Translating a systems engineering approach to biology requires more than just cool modeling software (which Arnstein’s lab does happen to offer in the form of a package called J-Sim). More important, he noted, is capturing data at every step of the research process so that it can be integrated across platforms as it is gathered.
Arnstein and his colleagues created a system called LabScape that acts as an electronic “ubiquitous lab assistant” and captures this experimental data so that it can be fed back into the modeling process. Biologists at the University of Washington, along with the university’s Cell Systems Initiative, are currently using the system.
A free version of LabScape is available at labscape.cs.washington.edu. Arnstein is also the co-founder of a company called Teranode that plans to offer a commercial version of the technology.
Clueless, but Coherent
Roland Stoughton, senior vice president of informatics at Merck/Rosetta Inpharmatics, admitted that bioinformatics is “still at a relative level of cluelessness” regarding systems biology, but there is hope in starting with what is known. He explained how the company’s strong foundation in microarray analysis is helping it merge genotype information with expression and phenotype data. “We can’t put together a whole system yet, but we can find biomarkers,” he added.

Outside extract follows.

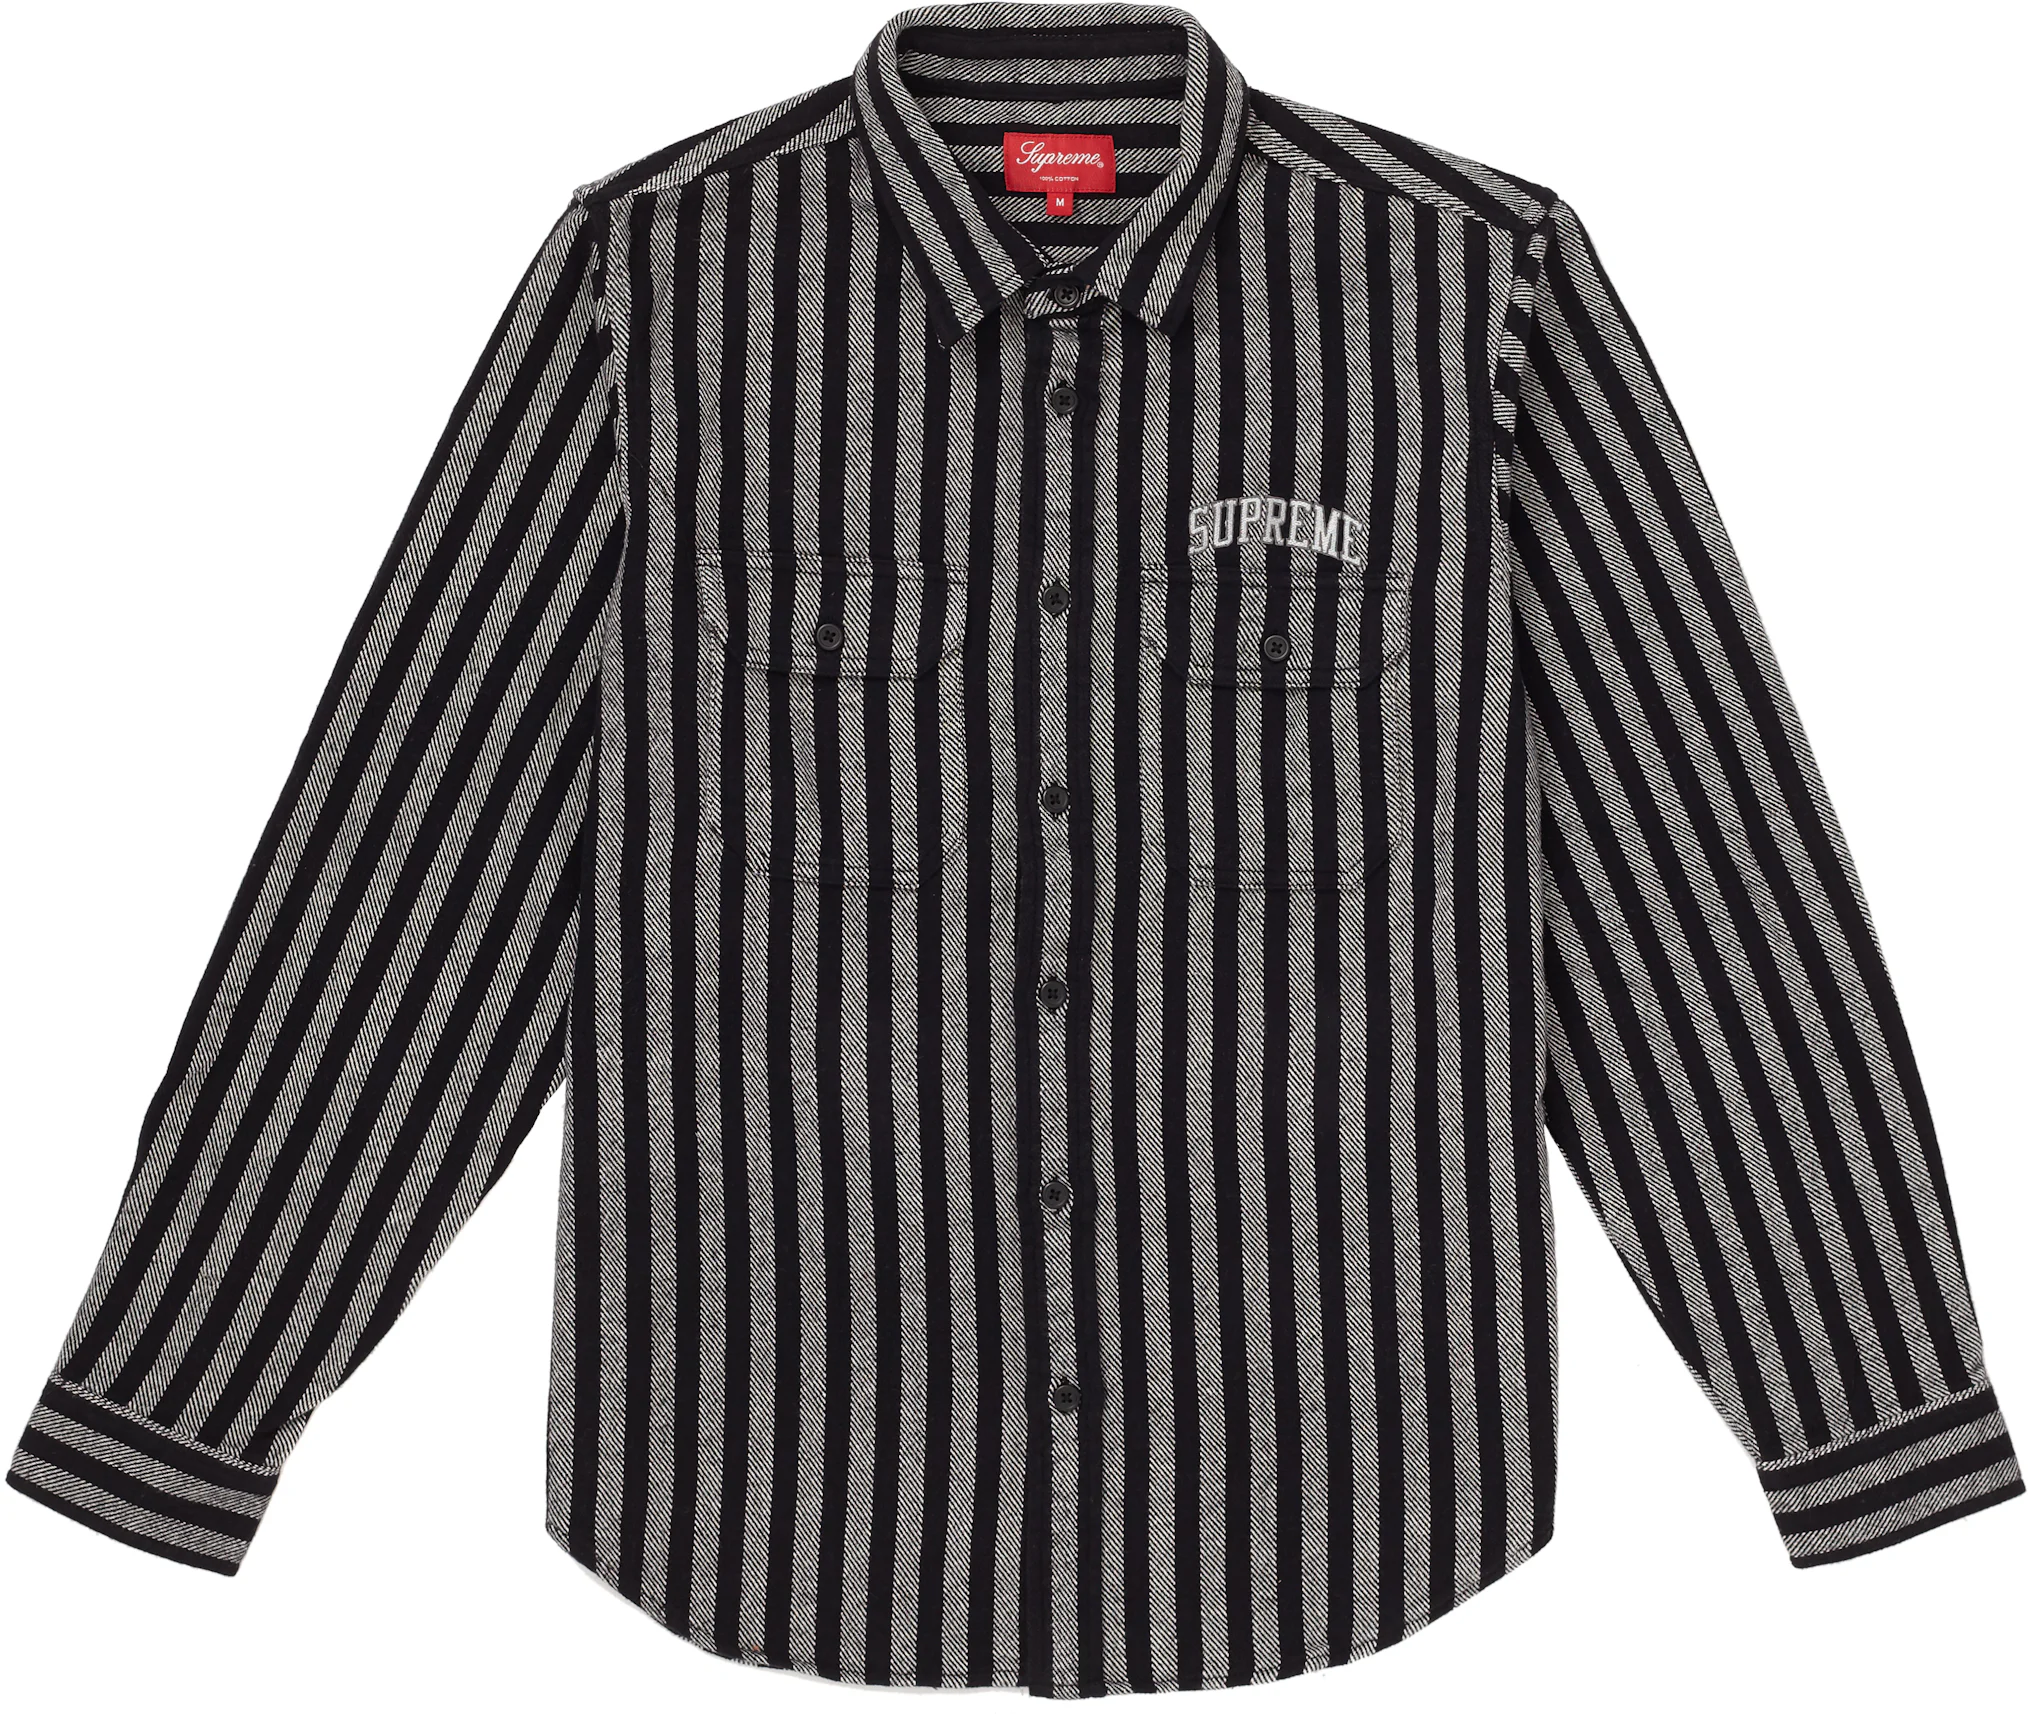 https://images.stockx.com/images/Supreme-Stripe-Heavyweight-Flannel-Shirt-Black.jpg?fit=fill&bg=FFFFFF&w=1200&h=857&fm=webp&auto=compress&dpr=2&trim=color&updated_at=1623271353&q=60

Later this month, the company will publish in the New England Journal of Medicine a study it conducted with the Netherlands Cancer Institute on breast cancer biomarkers. Stoughton said the researchers were able to identify 70 reporters out of 25,000 RNAs studied that predict metastasis in breast cancer.
While the “black box” approach of classifying expression data using neural nets, Bayesian systems, and the like has its benefits, Stoughton cautioned against relying solely on statistics to determine the significance of experimental data. “The more you know about the system, the better,” he said. For the breast cancer study, the researchers used a simple one-dimensional classifier that distinguished between a good prognosis and a poor prognosis.
Another pet peeve of Stoughton’s is the failure of bioinformaticists to distinguish between coherent and non-coherent data integration. Non-coherent integration, he explained, occurs when the results of two separate experiments — using different samples, platforms, and study conditions — must be correlated as a final step. Stoughton said a much better approach is to plan the experiments in advance so that they are run in parallel with a common set of tools and samples.
Looking forward, Stoughton projected that systems biology will have a large impact on medicine, with data on genotypes, mRNA, proteins, and metabolites combining to provide reporter sets “that will be patented and approved for certain conditions.”
Eventually, he said, medicine will be “treating pathways, not diseases,” a mindshift that will impact the entire pharmaceutical industry.